Edward Moseley - not the typical immigrant to America - fell into Carolina’s corrupt “Family” political syndicate, most of whom came from the island of Barbados - a “bedeviled” Caribbean sugar factory where the inhabitants practiced the most brutal slavery. His South Carolina in-laws had been forged in that devilish island “beyond the lines of amity” - very much the antithesis of the civilized Europe Moseley knew in London. In that ancient European city, as the orphaned son of a wealthy but defeated Tory family suffering from political defeat in the Glorious Revolution, he attended the coveted Royal Mathematical Academy. Moseley learned mathematics of such learned men as Sir Isaac Newton and the first Astronomer Royal John Flamsteed. 

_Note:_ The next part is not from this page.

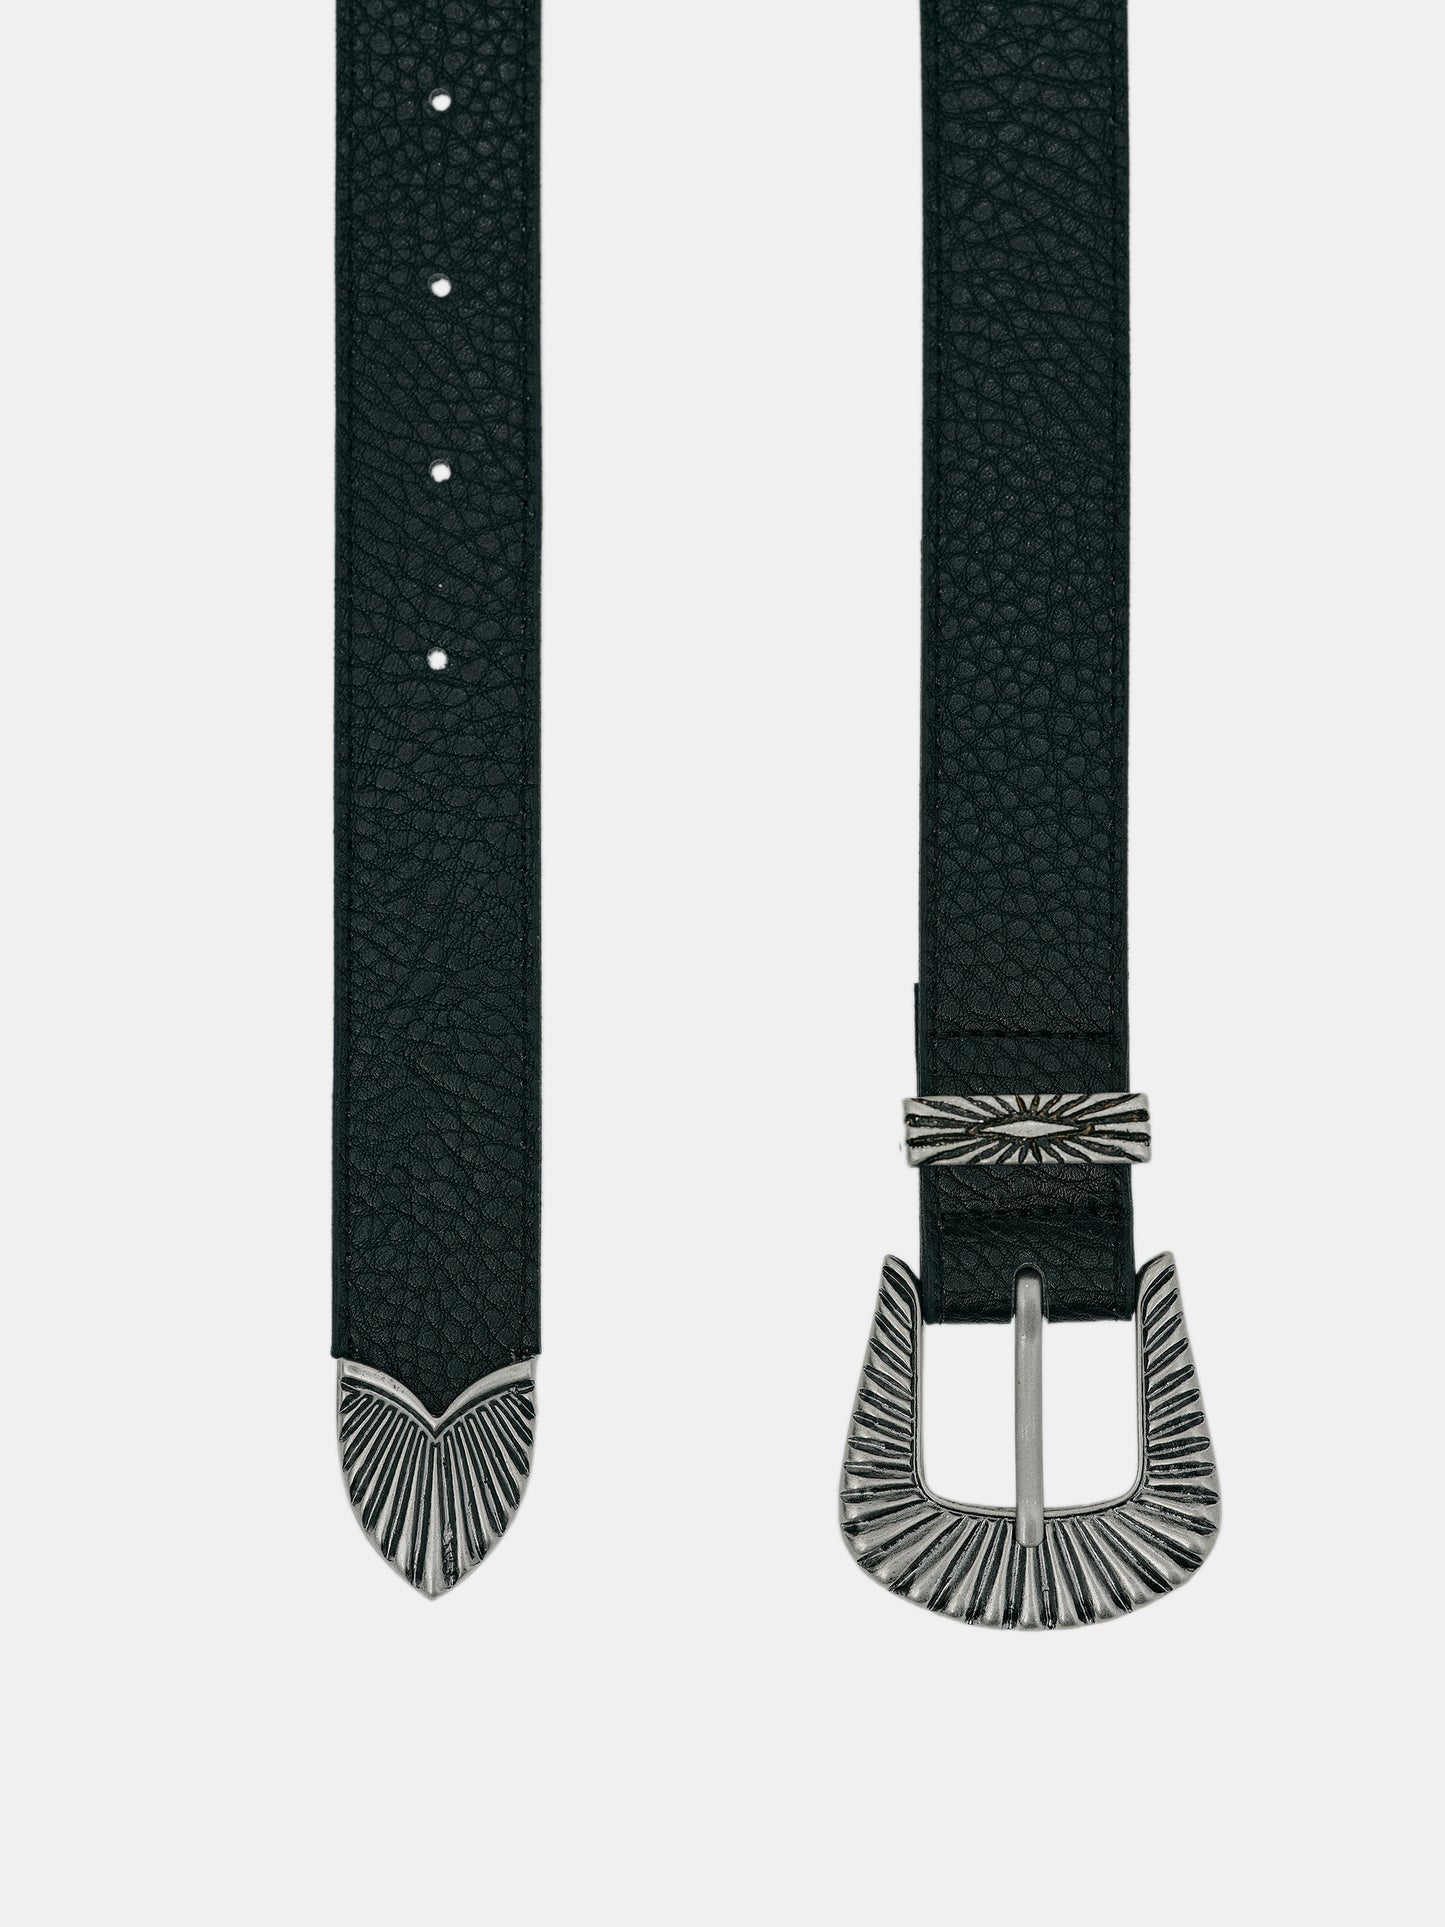 Vegan Leather Antiqued Belt, Black

England - as Barbados - unfortunately lacked in the greatly-coveted commodity of real estate - the key to freeholdship, public office, and power! America, presumed an untouched wilderness, by contrast, possessed boundless acres of land, spreading for thousands of miles in every cardinal direction. That treasure had only to be cleansed of heathen natives who knew nothing of the Anglican God or land ownership. Vast American estates offered privileged gentlemen and educated mathematicians like Moseley the chance for real power - a restoration of their Stuart Tory glory! America would then beckon to them - a glowing treasure that downtrodden English freeholders like Edward Moseley craved! Conservative outcasts like Moseley abused the people, land, and the law! Educated in the use of the sextant and astrolabe, they engaging in crude criminal methods found unacceptable at home in England. While initially, America existed merely as a “breadbasket” for the slaving Barbadians of his adopted Carolina Family, it offered Edward Moseley so much more – a chance to realize immense real wealth and to restore his politically conservative English family's empire! We remember Moseley for his maps, but that was not all that he did! Edward Moseley dreamed of making conservatives great again in America and no laws would stop him!